People work ICU for a variety of reasons, some of them simply because of the pay differential or the flexible hours, some, like me, worked ICU because of a deep need to "set things right"; it meant that as long as I was helping save others, I was OK.

Whatever their reasons, people who work ICU will all say, no one does it for accolades, but when you get to meet someone whose life you've saved, it is the sort of thing that not only lifts your spirits then, it is one of those treasured memories to recall years later.

Perhaps, in another sense, it was something that helped you. Gratitude is one of the noblest of our emotions, isn't it!

Posted by: cymbeline at August 30, 2014 5:37 PM

I read the post and wept, yes wept. I'm grateful for your honesty about "what does it mean?" I apparently inhabit a parallel universe, in that I also recently asked that question.
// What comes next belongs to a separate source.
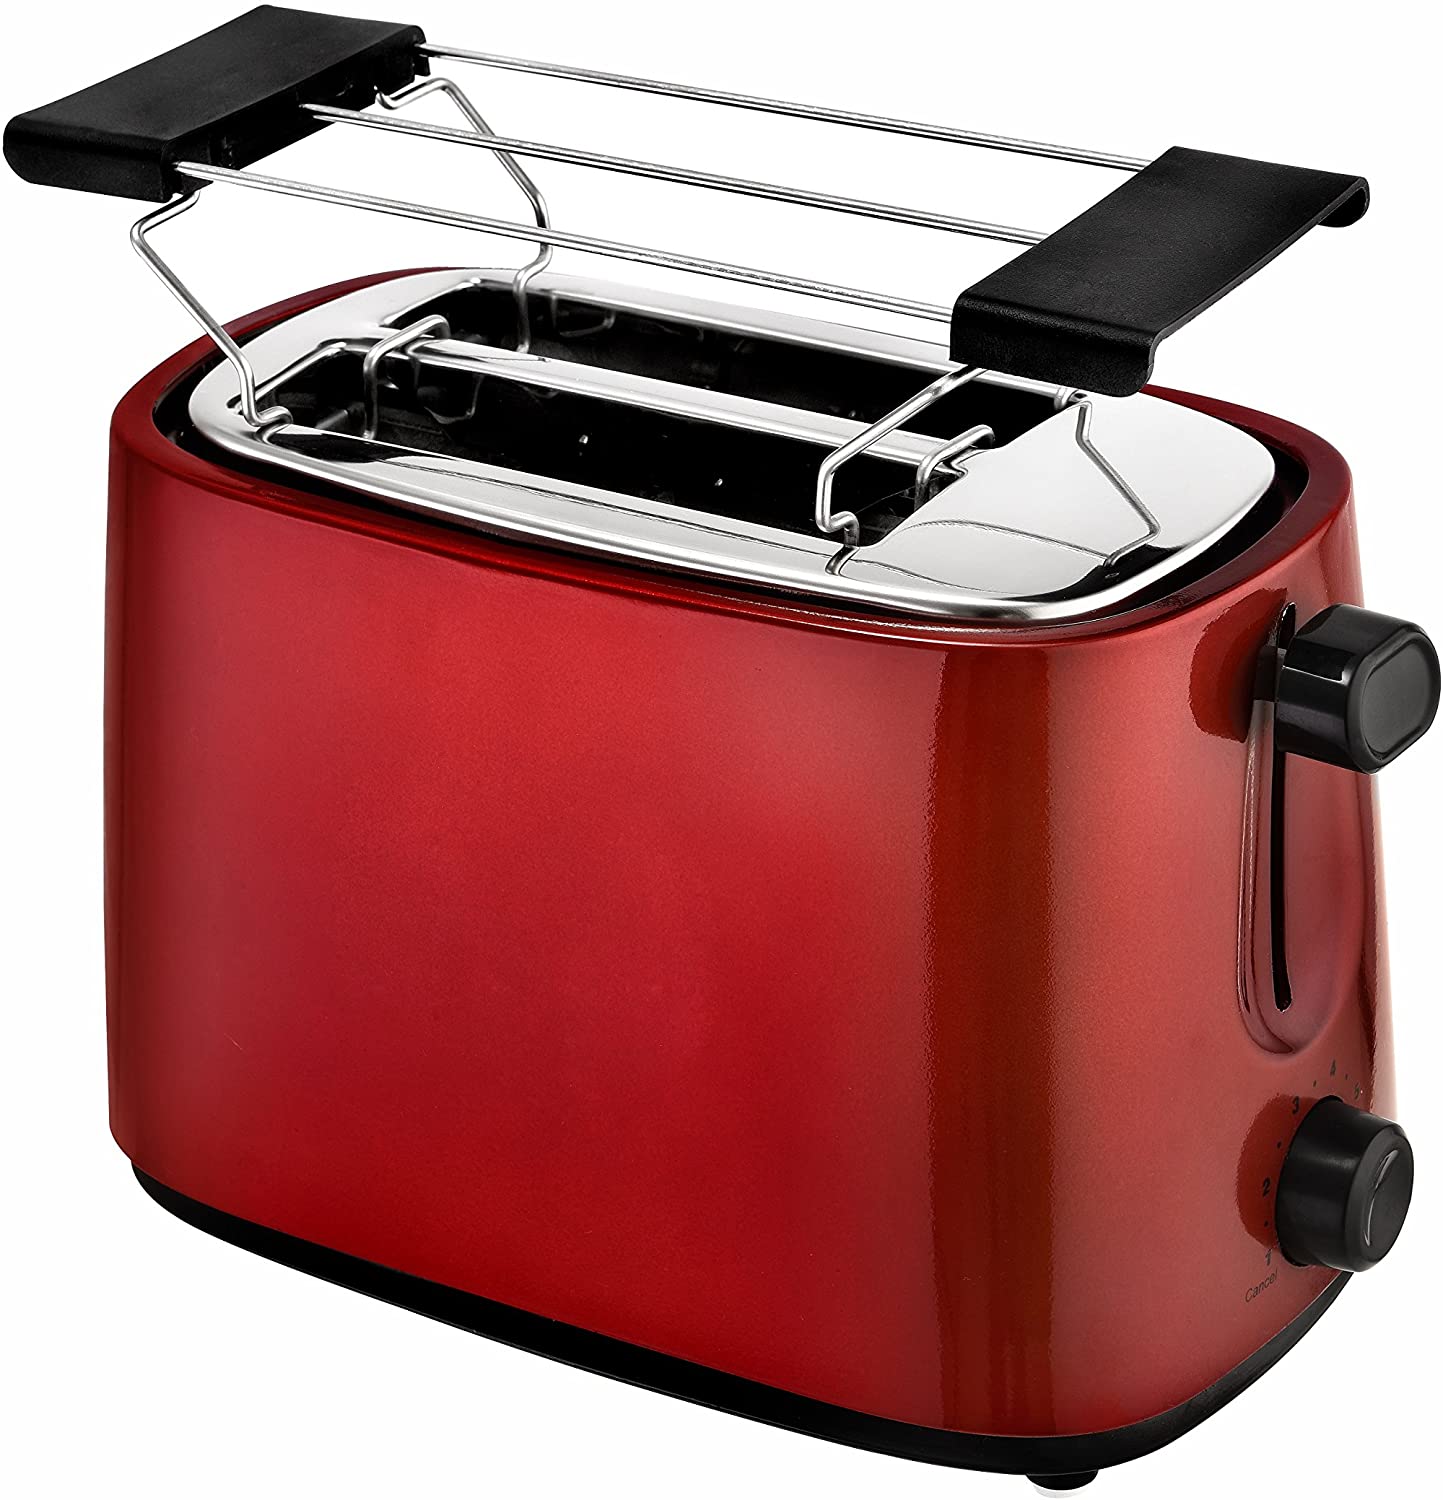 Efbe-Schott SC TO 1060 R Two Slice Toaster, Red

I'm mid-fifties, have never had much use or need for "modern medicine," but choose to work IT at a hospital for altruistic reasons. Then in APR2014 *I* was diagnosed with cancer.

Those same doctors, nurses, and clinicians that I'd served and respected now cared for me and respected me as a person. The very people that I walked by for years, sharing a "good morning" and a smile now held my very life and future in their hands.

Oh, and did I mention that my world-class care cost me ~$100 because I work for the hospital? Do I think a benevolent and kind God planned the whole thing? Yes, I most assuredly do.

Did I thank my caregivers for their efforts? Most assuredly! And now I've returned to work, walking by those same people, still saying "good morning" and smiling. I very much recognize that my doing so continues to say "thank you," providing them a daily reminder that what they do matters.

Bottom line, hold fast to that "not-really-a-chance-encounter!" It *does* mean something for you, that caregiver, and many others.